Economic meltdown and the future of New York wine
The current economic crisis has many of us cutting back on our expenses. State and local governments are also running short of cash and looking for ways to trim their budgets. So-called non-essential spending is going to be hit the hardest, and wine drinkers need to be prepared for the effect this will have on our favorite beverage.
The Times Union reported Wednesday that New York has removed support for New York Wine and Grape Foundation from its proposed budget. The New York Wine and Grape Foundation is a non-profit, public-private foundation started to “centralize and coordinate the promotion and research programs” associated with grape growing and wine production. Since its inception, the foundation has guided the New York wine industry as it adopted modern production techniques and European grape varietals. The Foundation also helped the individual wineries market their wine and the results are impressive. Today the New York grape/wine industry generates about $3.4 billion dollars per year.
Tough economic times call for tough decisions, but we must also keep an eye toward the future. The federal government is injecting billions of dollars into the economy to prevent a crash, but throwing tax dollars at the problem will only get us so far. Eventually the economy must generate enough new jobs, services, and revenue to pay its own way. Organizations such as the New York Wine and Grape Foundation help create new jobs, new wealth, and tax revenue. Removing all state support from this foundation will only serve to delay the time required to repair the overall economy of New York State.

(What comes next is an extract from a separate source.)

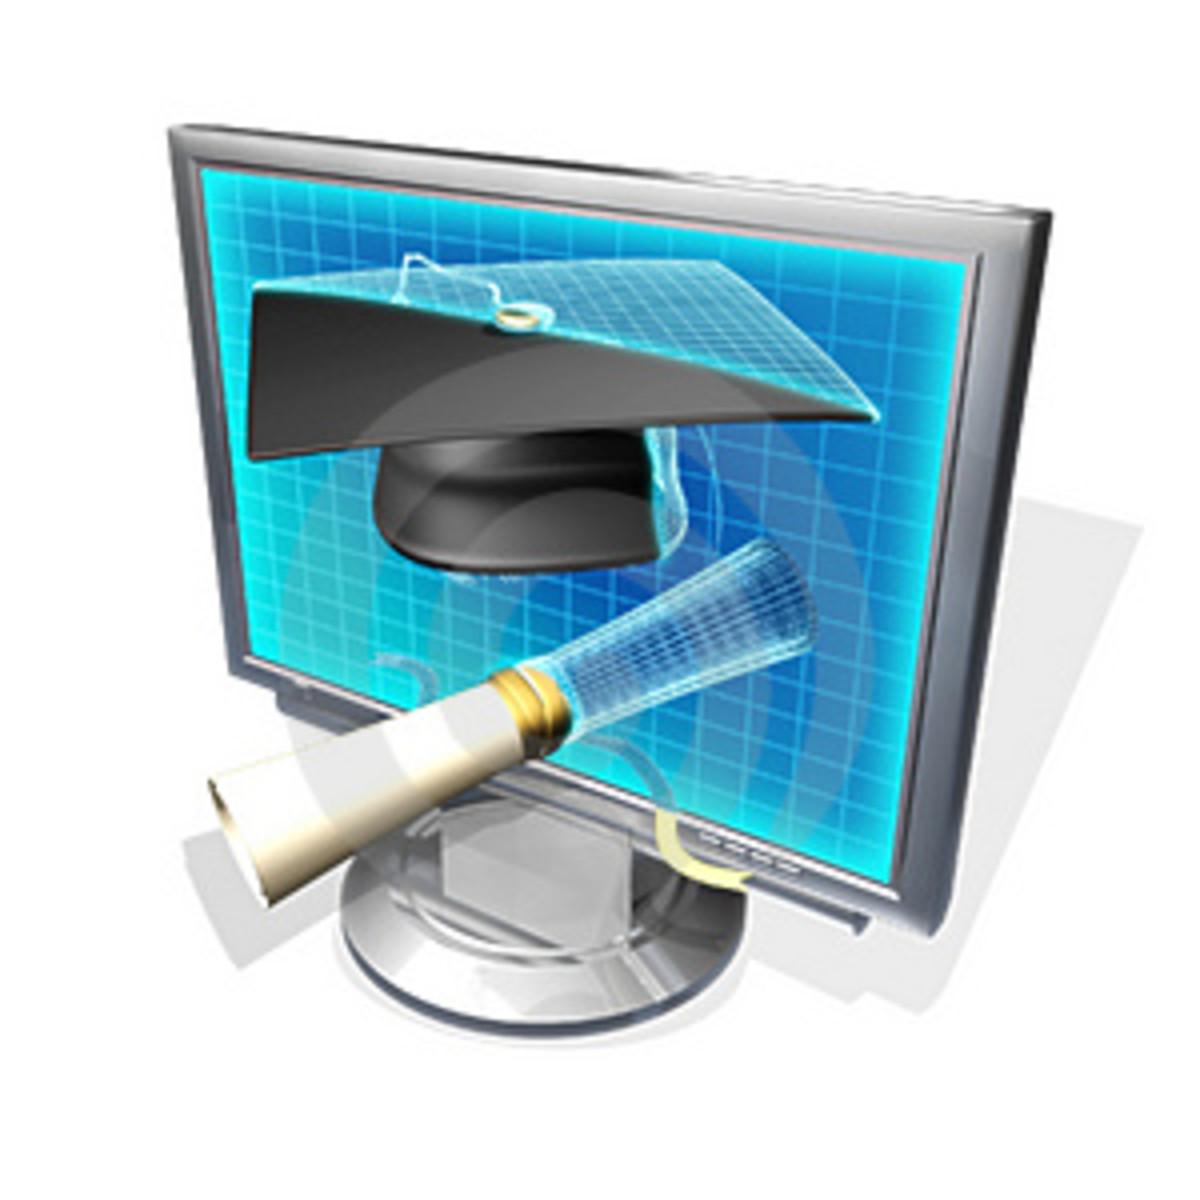 Internet Maarketing Education

Most states that produce wine have an organization similar to the one in New York, and I imagine many of them will face serious budget cuts. Eliminating the funding for these organizations seems like a no-brainer on the surface. Though wine is a luxury, that misses the point. What we need are state budgets that will help eliminate the current crisis and promote future growth. Forcing organizations like the New York Wine and Grape Foundation to tighten up their belts and get by with less is absolutely essential, but completely eliminating funding is a bad idea.